Arbitration Procedure: If the Dispute stated in the Demand is not resolved to your or the Company’s satisfaction within the time periods set forth above for Early Dispute Resolution and you or the Company intend on taking legal action, you and the Company agree that you or the Company shall file a request to arbitrate under the Arbitration Rules of the ADR Institute of Canada (“ADRIC”) (https://adric.ca/). The arbitration will be conducted by a single arbitrator pursuant to the ADRIC Arbitration Rules (“Rules”) then in effect. You and the Company may agree, and the tribunal may order, to have the arbitration based only on written submissions. The arbitration and all documents exchanged in the proceedings will be kept confidential except as may lawfully be required.

Payment of all fees will be governed by the ADRIC Rules. Either you or the Company may seek attorneys’ fees and costs in arbitration.

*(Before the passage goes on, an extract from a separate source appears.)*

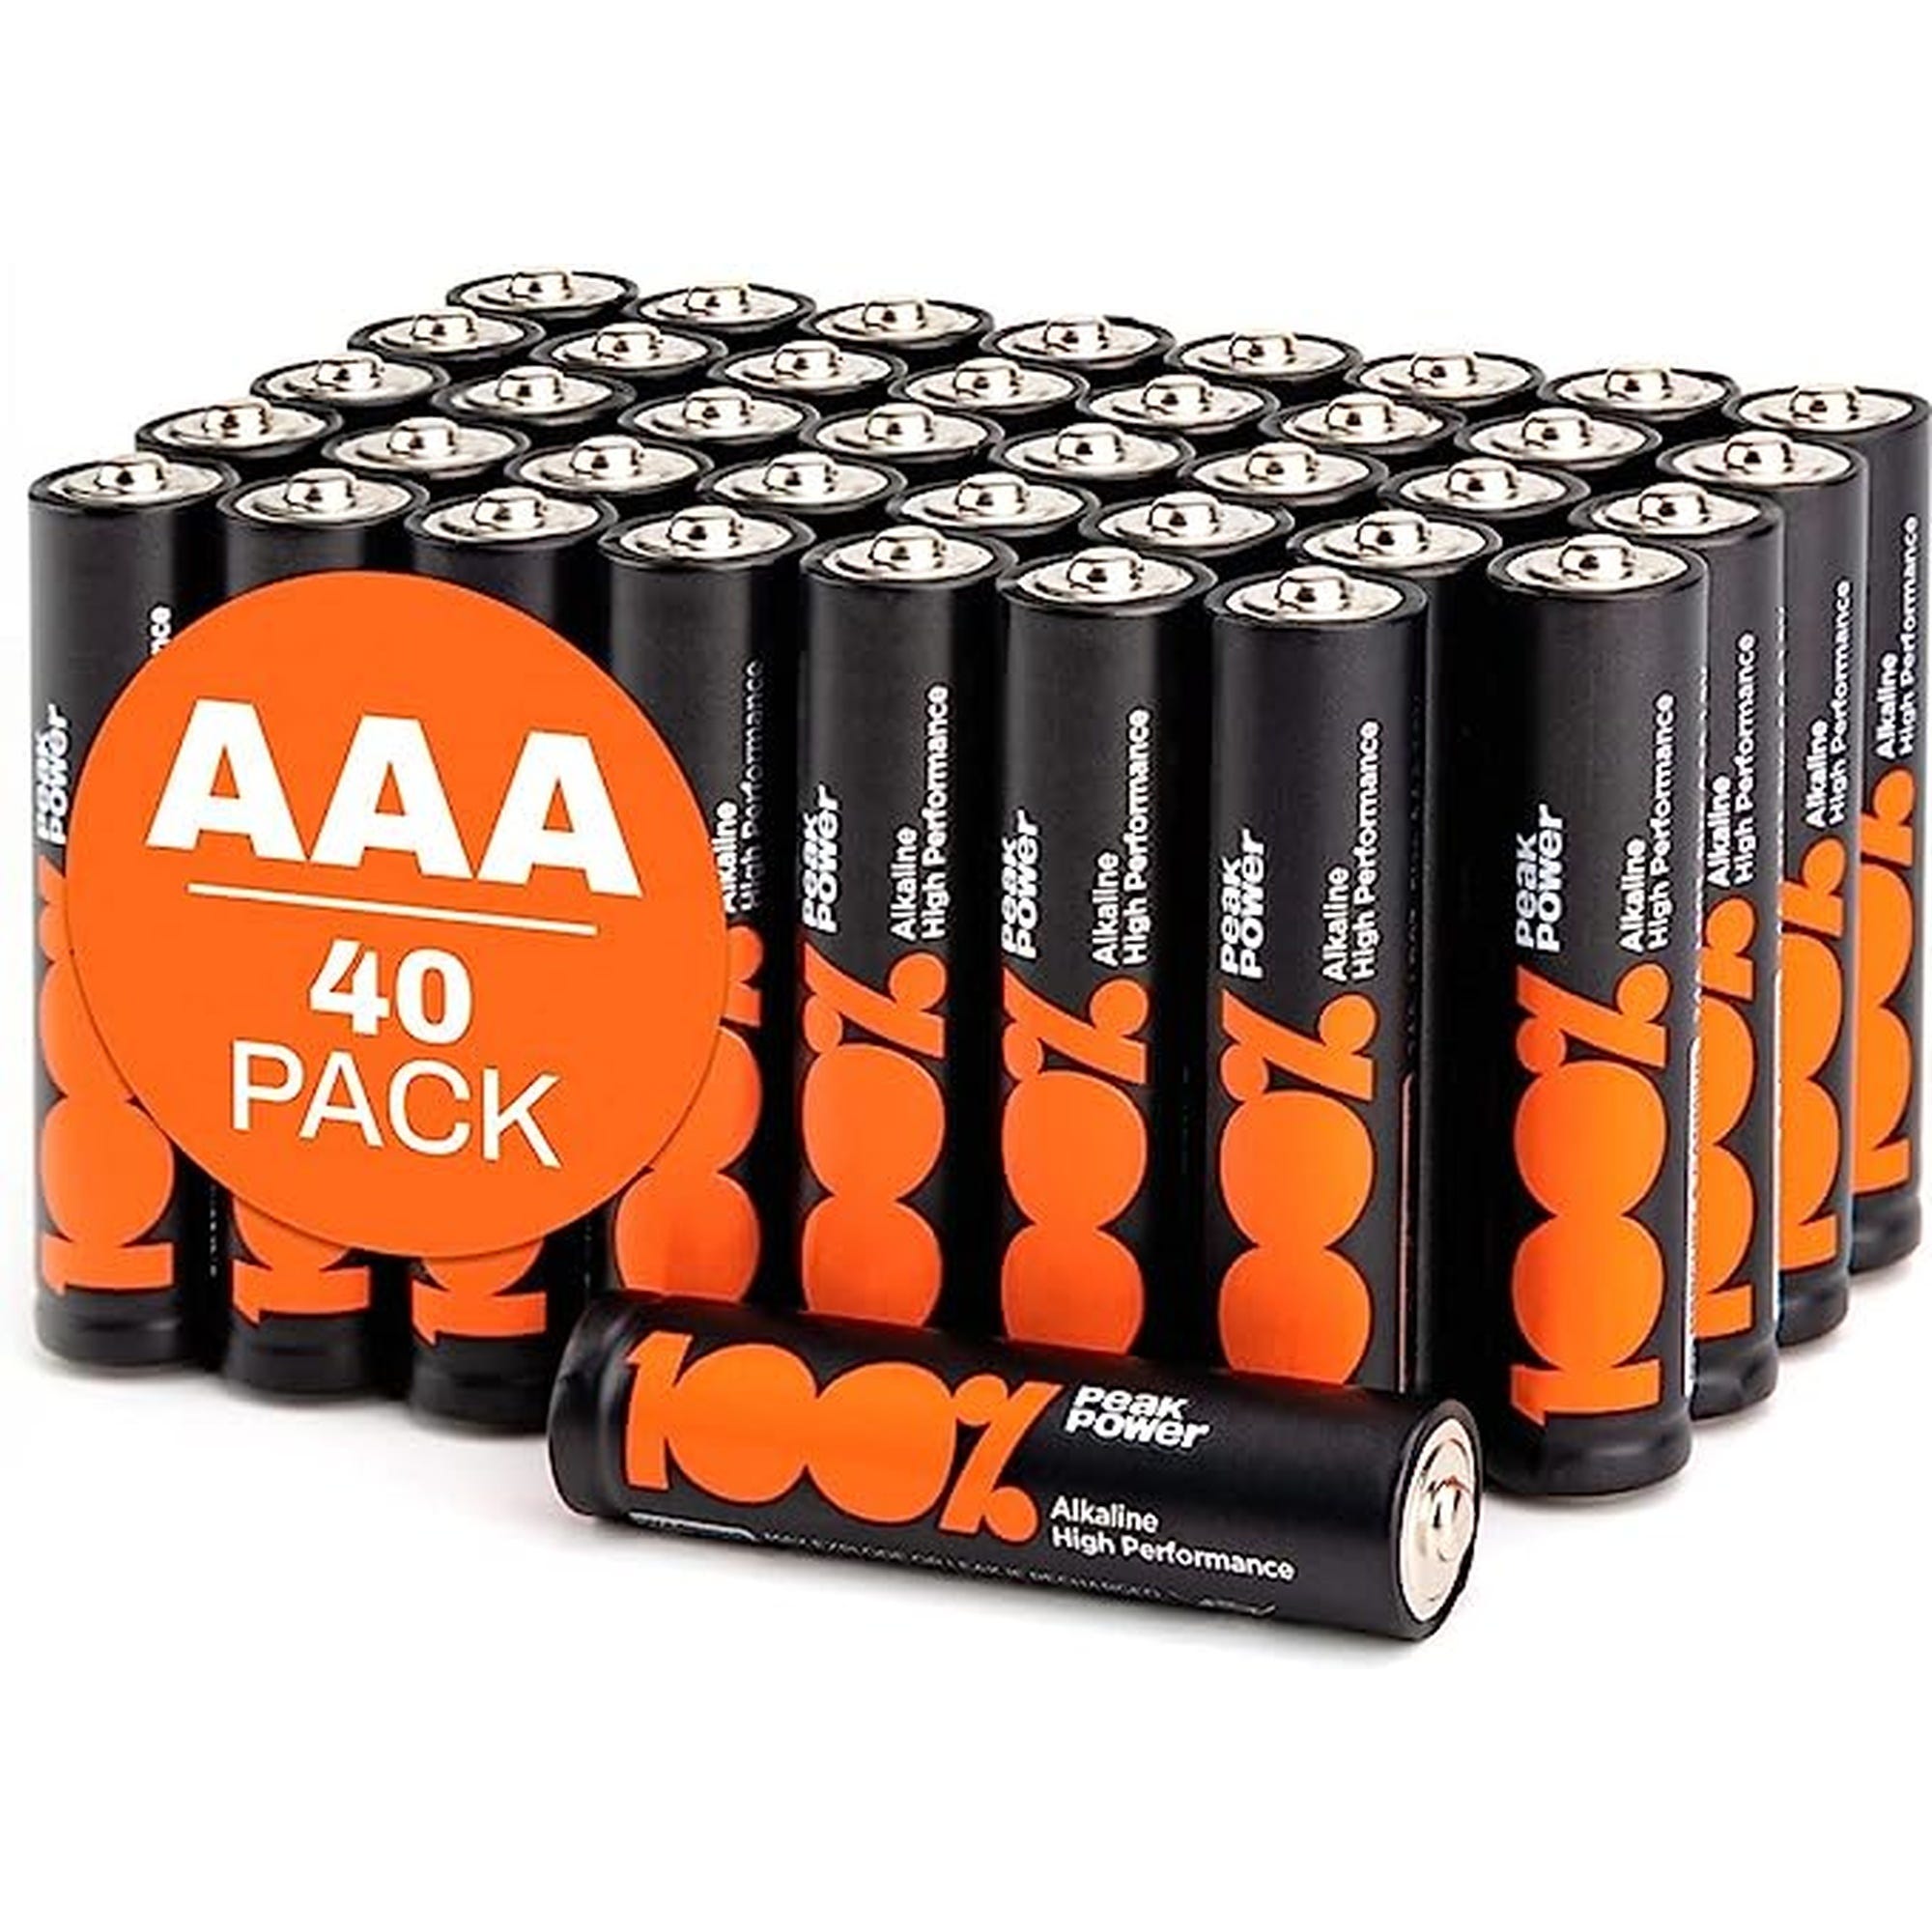 Piles AAA - Lot de 40, 100% PEAKPOWER, Batteries Alcalines AAA LR03 1,5v, Longue durée, haute performance, utilisation quotidienne

BY AGREEING TO ARBITRATE A DISPUTE, THE DISPUTE RESOLUTION PROCEEDING WILL BE CONDUCTED ONLY ON AN INDIVIDUAL BASIS AND NOT IN A CLASS, CONSOLIDATED, OR REPRESENTATIVE ACTION. NEITHER YOU NOR THE COMPANY MAY ACT AS A CLASS REPRESENTATIVE, NOR PARTICIPATE AS A MEMBER OF A CLASS OF CLAIMANTS, WITH RESPECT TO ANY DISPUTE OR CLAIM.

Disputes not permitted to be resolved by arbitration shall be exclusively brought before the applicable courts of Ontario. You agree and consent to waive all defenses of lack of jurisdiction and forum non conveniens (i.e., inconvenient forum) with respect to venue and jurisdiction of the applicable courts of Ontario. You consent to exclusive jurisdiction and venue in these courts.

You agree that any and all claims be brought by you within two (2) years after the claim is discovered, except to the extent a longer period is required by applicable law.

This Section of these Terms will survive the termination of the relationship with you and the Company.